I teach at a high poverty Title I high school with a large immigrant population in Gaithersburg, MD. 74% of our students have been eligible for free and reduced meals at some point. Many of my students have large gaps in their learning from moving often and being in and out of school.
The majority of kids in my classes come from impoverished backgrounds and face many challenges- jobs after school to help their families, learning new languages, and a lack of access to books and computers at home.
My ESOL Biology students often have limited education in their own language, much less in English, and little experience with using technology.
The students I teach all grew up not far from where I did, so I am aware of the types of struggles they face on a personal level. Parents in our community are incredibly supportive, but many are working, some more than one job, and we simply don't have the kind of PTA participation that leads to raising the supplementary funds wealthier communities can contribute. My kids are bright, hard-working, and deserve to have as many opportunities as can possibly be provided.
My students need to have access to technology on a daily basis to build skills necessary for college and career. Technology helps immensely in supporting ESOL and Special Education students increase their independence in learning. Presently, computers are only available by competing with other classes to sign up for limited computer lab space. The technology we do have is outdated and often doesn't work- my students regularly have to share computers if we can get a spot in a computer lab.
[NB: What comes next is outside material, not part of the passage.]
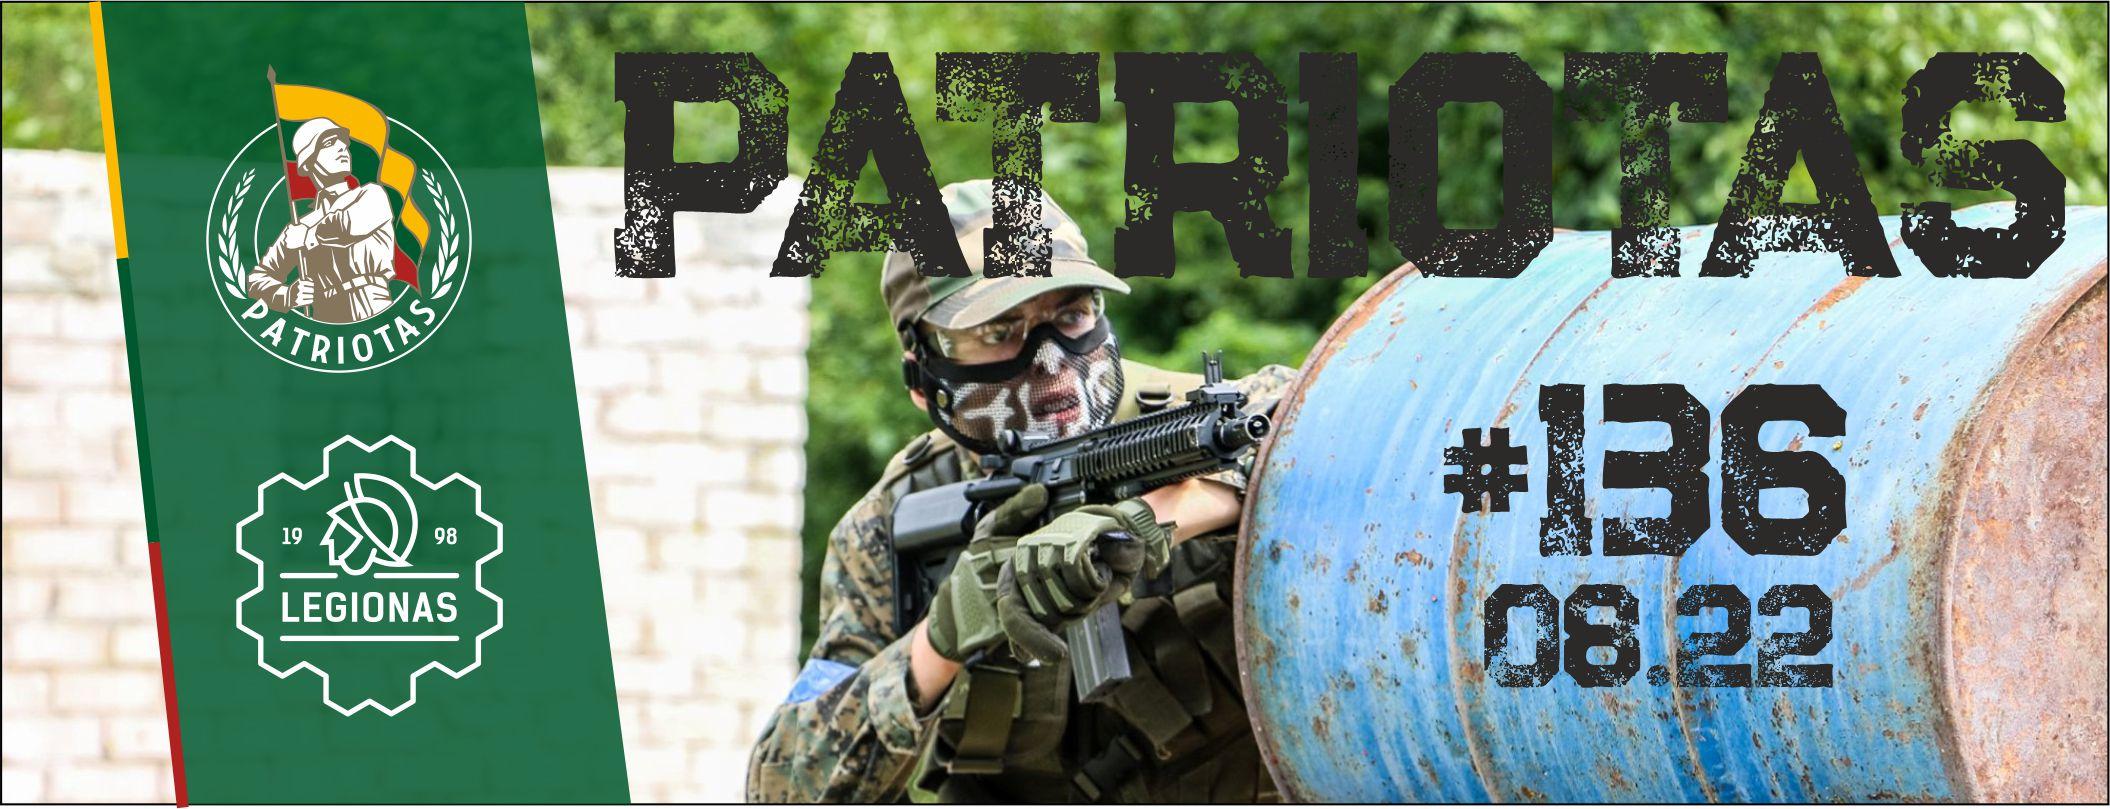 PATRIOTAS136

Having computers in our classroom would change the way we can approach nearly every learning experience.
The benefits of having technology available every day in our Science classroom are innumerable: we would be able analyze data for experiments using professional software, learn from interactive simulations of labs which are either too dangerous or too expensive to conduct in real life, build websites, construct electronic presentations, and research the most up-to-date science. Students would be able to practice word processor skills and see spelling and grammatical errors to correct immediately, my ESOL and Special Education students would have the ability to look up words they don't yet know or images to support their learning without slowing down or swallowing their pride to ask for help.
I want more than anything for my students to be prepared for success in the "real world" which they will soon be entering- in order for that to happen they must develop skills applicable to eventually becoming productive members of the workforce. Computer and research skills are vital to that effort and regular use of technology is imperative to our goals.